Traders were bearish in Manhattan on Monday after Greece said...

Traders were bearish in Manhattan on Monday after Greece said it will miss the deficit reduction targets it promised. One analyst said the math for Europe’s bailout of Greece still “doesn’t add up.” (Oct. 3, 2011) Credit: Getty Images

The latest setback in Greece's financial crisis sent the Standard & Poor's 500 index to its lowest level of the year, putting it on the edge of a new bear market.

The index, the benchmark for most U.S. stock funds, has fallen 19.4 percent since its high for the year on April 29. A 20 percent drop would signify the start of a bear market, ending a bull market that began in March 2009. The S&P 500 has gained 76 percent since then, including dividends.

European markets slumped, dragging U.S. stocks down along with them, after Greece said it will miss deficit reduction targets it agreed to as part of its bailout deal. Benchmark indexes in Germany, France and Spain all fell 2 percent.

The Dow Jones industrial average fell 258.08 points, or 2.36 percent, to 10,655.30. The S&P 500 lost 32.19, or 2.85 percent, to 1,099.23. That's below its closing low of 1,119 for the year, reached on Aug. 8.

Indexes measuring smaller stocks fell even more than the Dow and S&P, which are dominated by large companies. The Nasdaq composite slid 79.57, or 3.29 percent, to 2,335.83. The Russell 2000 index of small companies plunged 34.67 to 609.49.

All 10 company groups in the S&P index fell. Banks, energy, and consumer discretionary stocks had the steepest declines.

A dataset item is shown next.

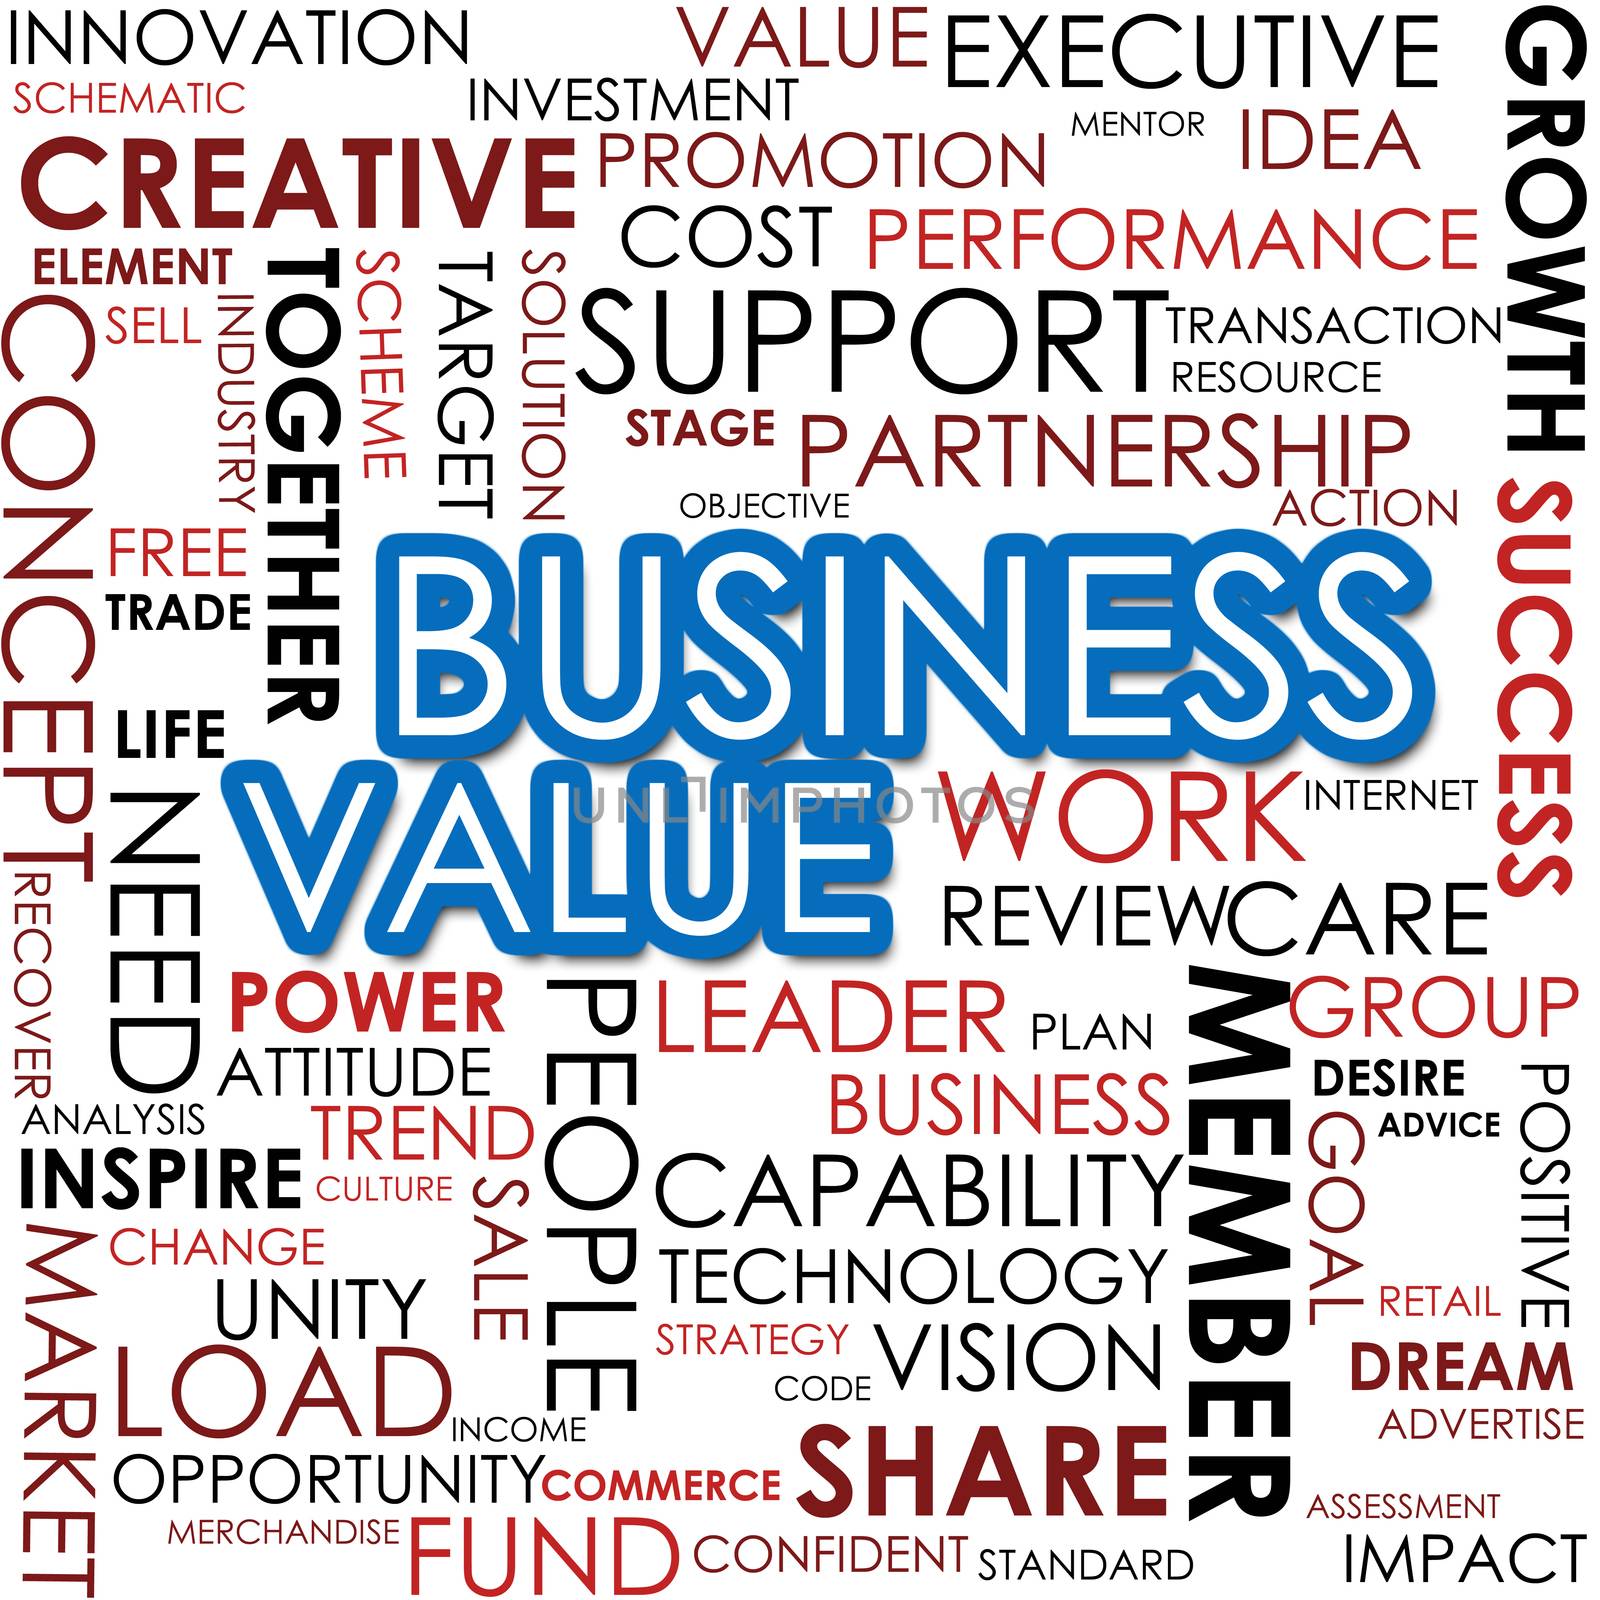 Business value word cloud image with hi-res rendered artwork that could be used for any graphic design.

The yield on the 10-year Treasury note fell to 1.75 percent from 1.91 percent late Friday as investors piled into lower-risk investments.

"The market is continuing to trade based on what is happening in Europe, and that is going to overshadow everything else," said Quincy Krosby, market strategist at Prudential Financial. "The math [for the Greek bailout] didn't add up a year ago, and the math doesn't add up today. The market knows that and is waiting for the Europeans to acknowledge it."

The renewed concerns about Europe's debt problems pushed the euro down to $1.32 versus the dollar, a 9-month low. The stronger dollar could hurt large U.S. companies that rely on exports by making their products more expensive overseas.